Skip the pictures. Output only the lines below starting at the line with "The Velvet Machete – Amber Hurdle" and ending at the line with "Flin Flon Bombers 23/24 Season Preview", both ends included, exactly as they are.

> [DATA FOR ANALYSIS]:
• • •
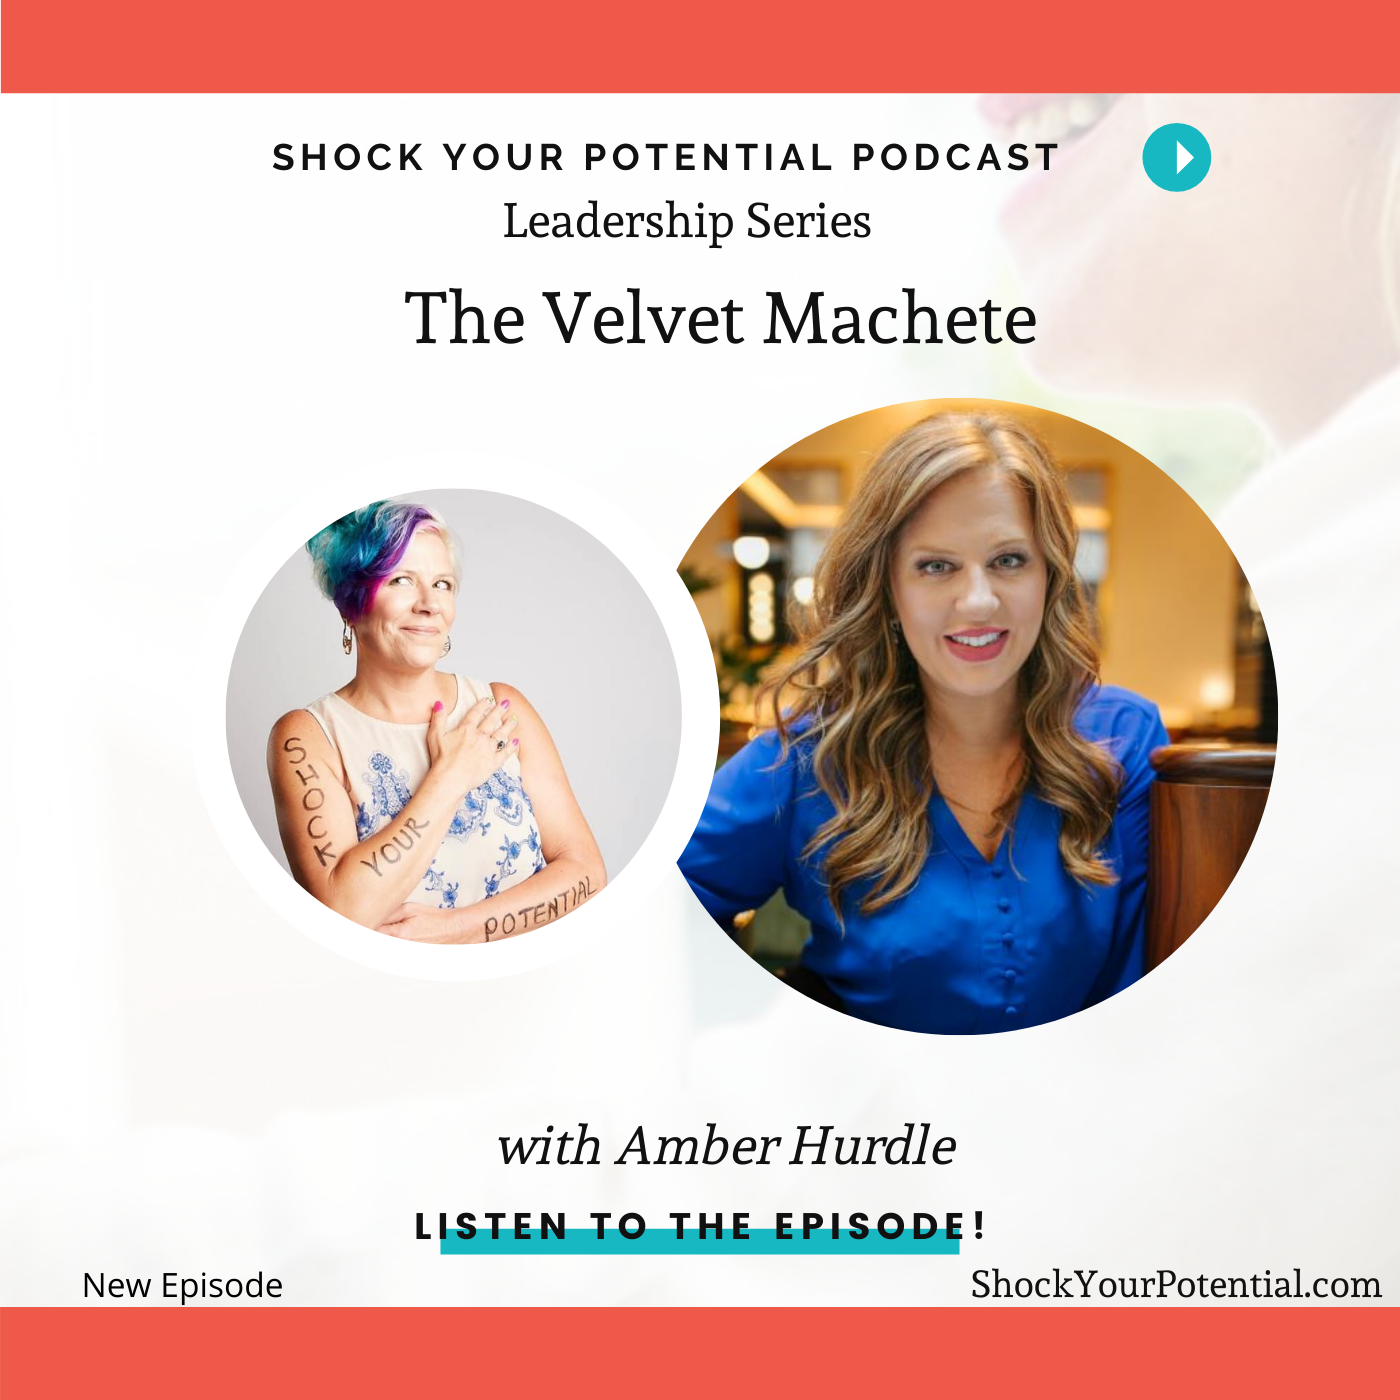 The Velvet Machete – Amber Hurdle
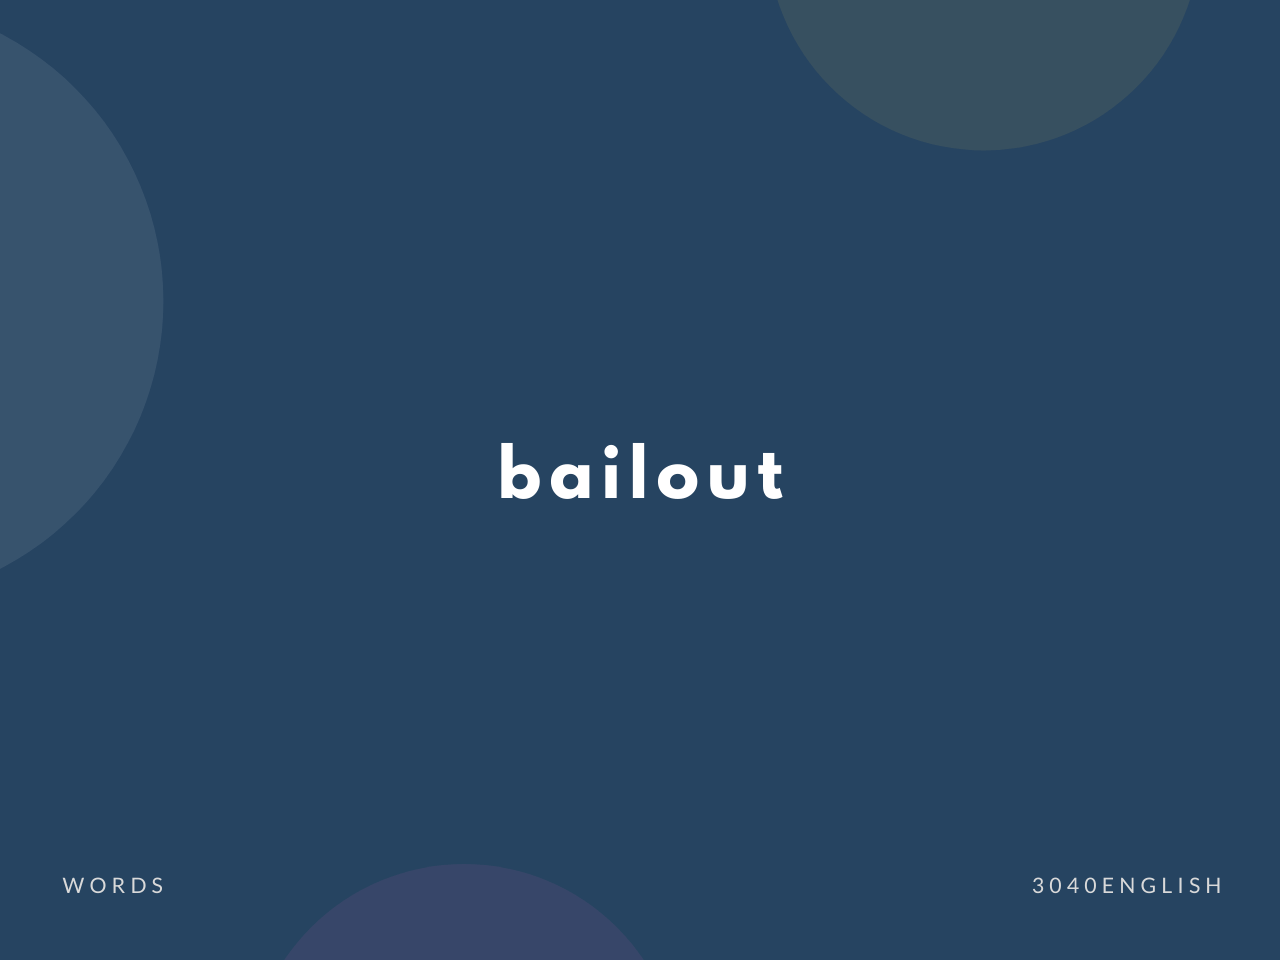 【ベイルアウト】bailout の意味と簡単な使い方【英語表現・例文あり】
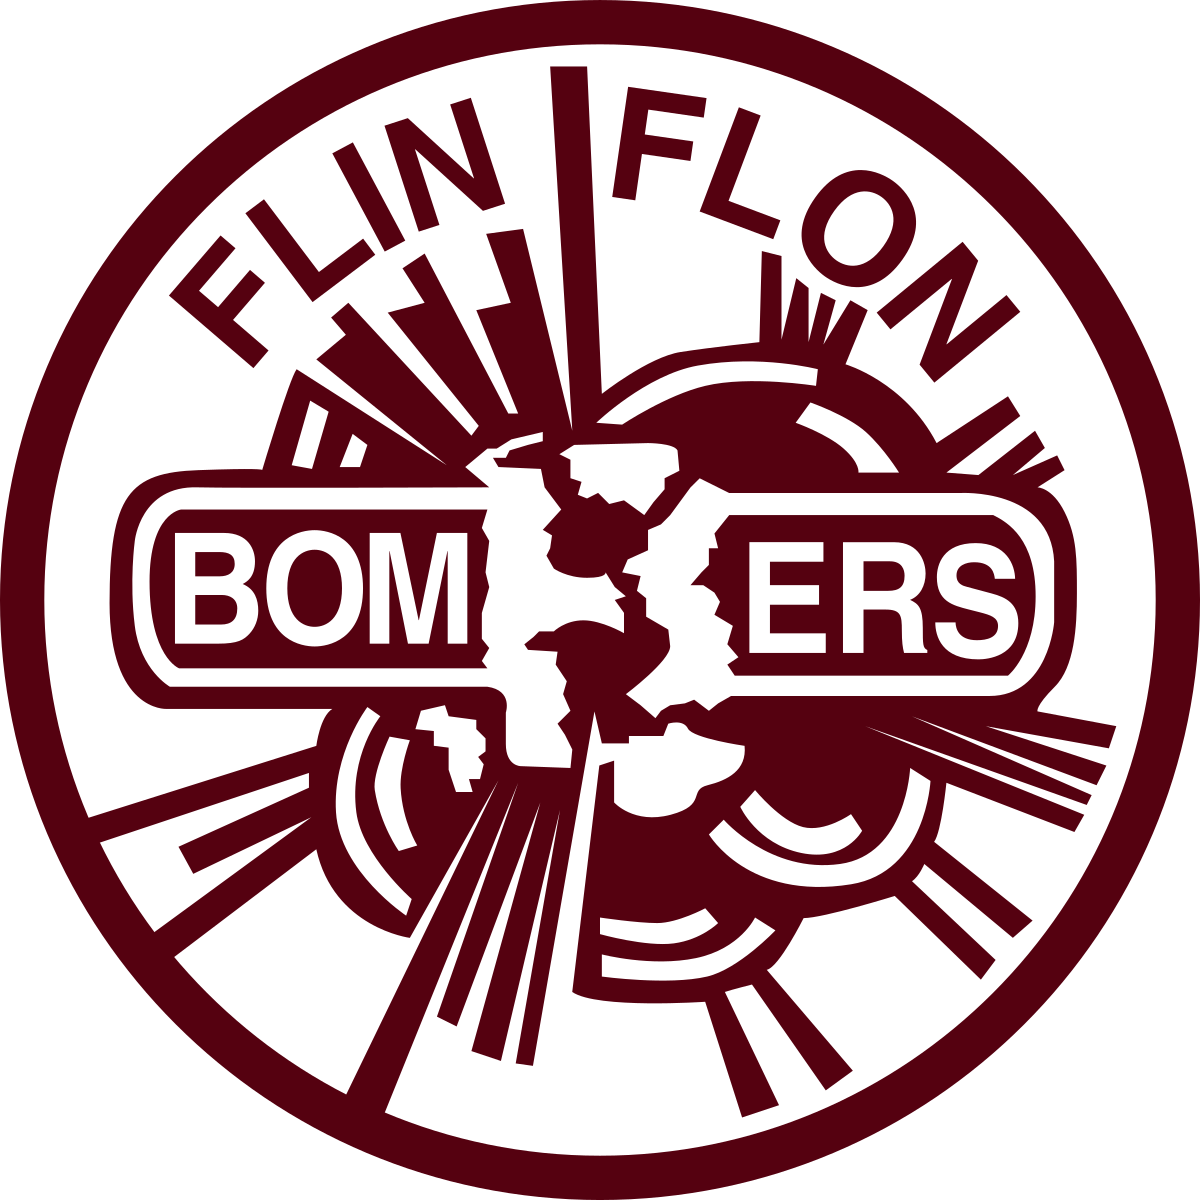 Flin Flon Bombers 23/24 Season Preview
• • •
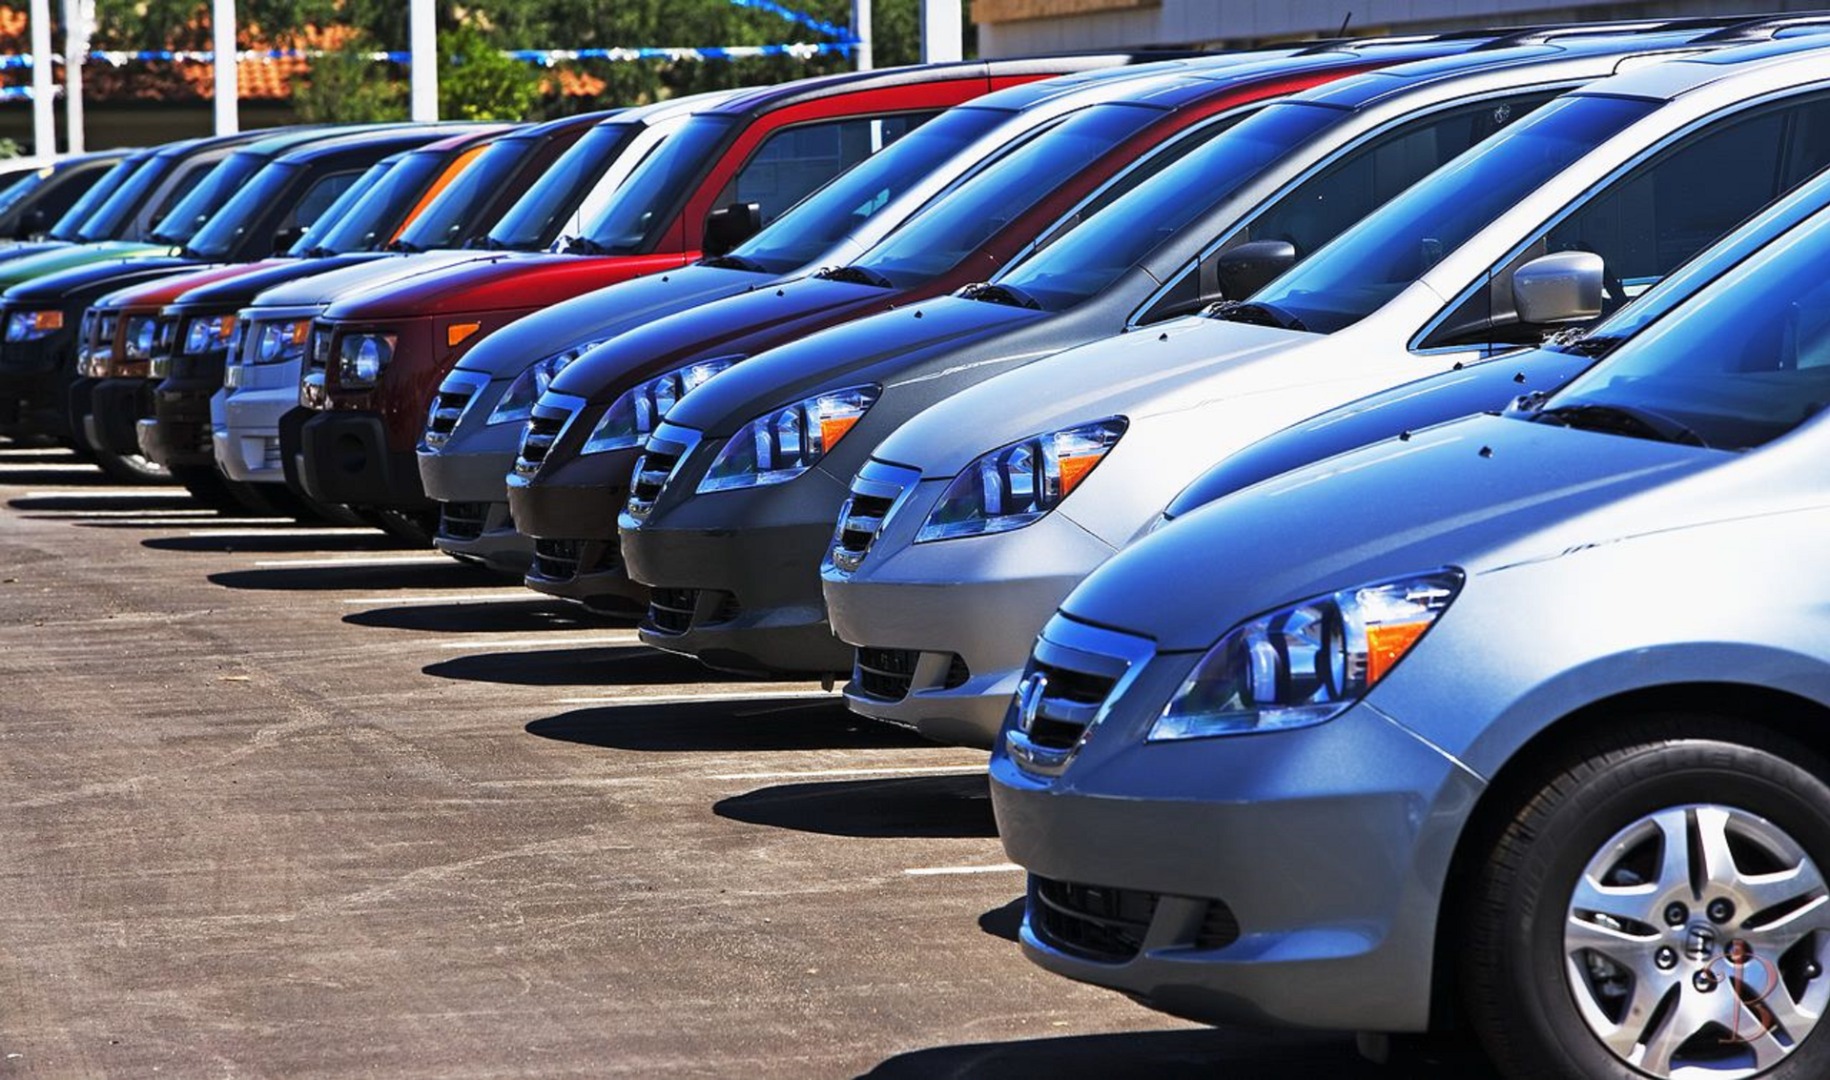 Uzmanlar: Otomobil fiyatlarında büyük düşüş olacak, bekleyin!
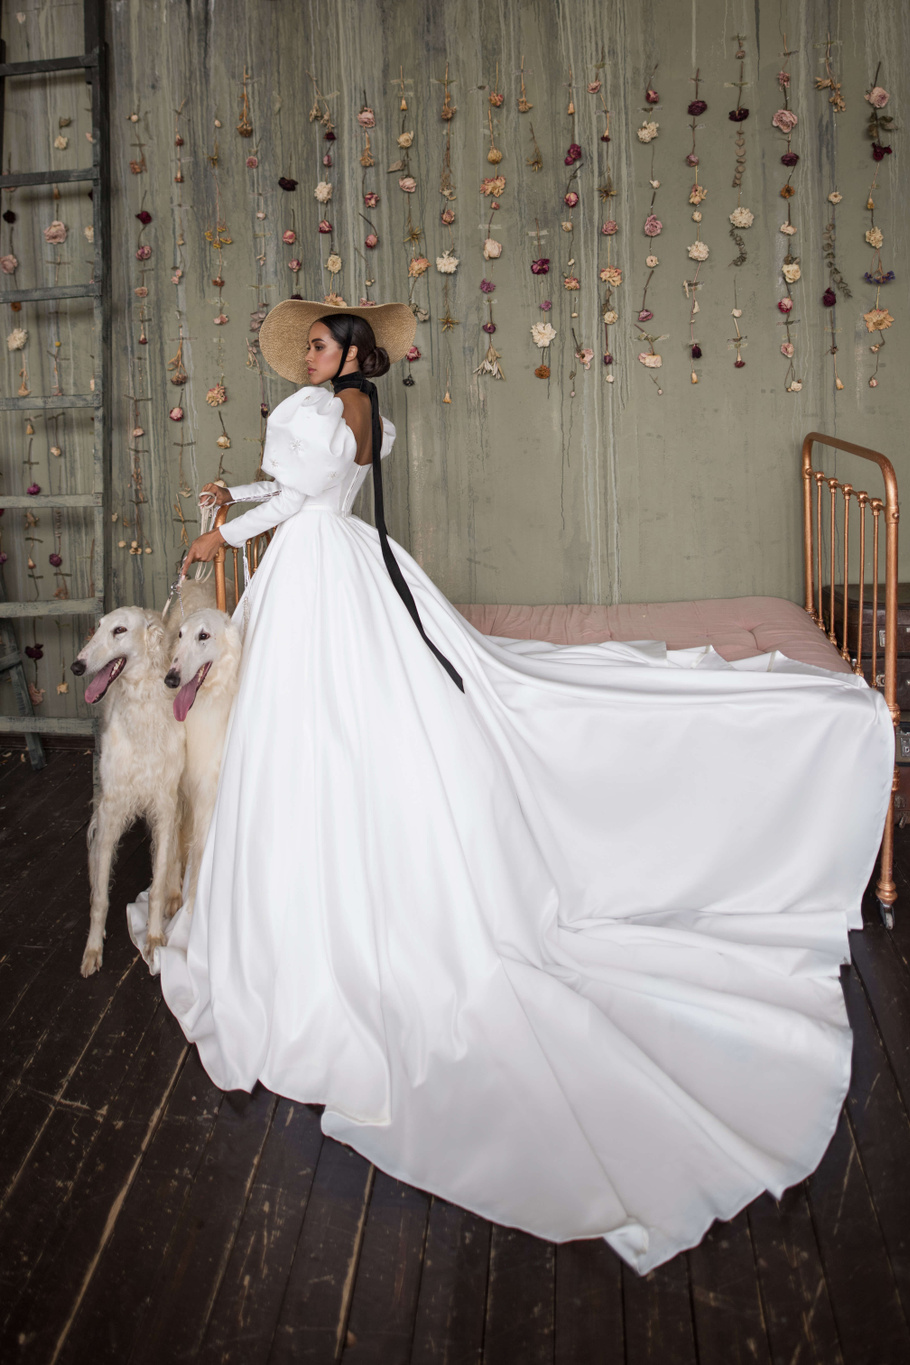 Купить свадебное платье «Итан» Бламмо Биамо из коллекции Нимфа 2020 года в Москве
• • •
> [EXERCISE OUTPUT]:
 The Velvet Machete – Amber Hurdle
 【ベイルアウト】bailout の意味と簡単な使い方【英語表現・例文あり】
 Flin Flon Bombers 23/24 Season Preview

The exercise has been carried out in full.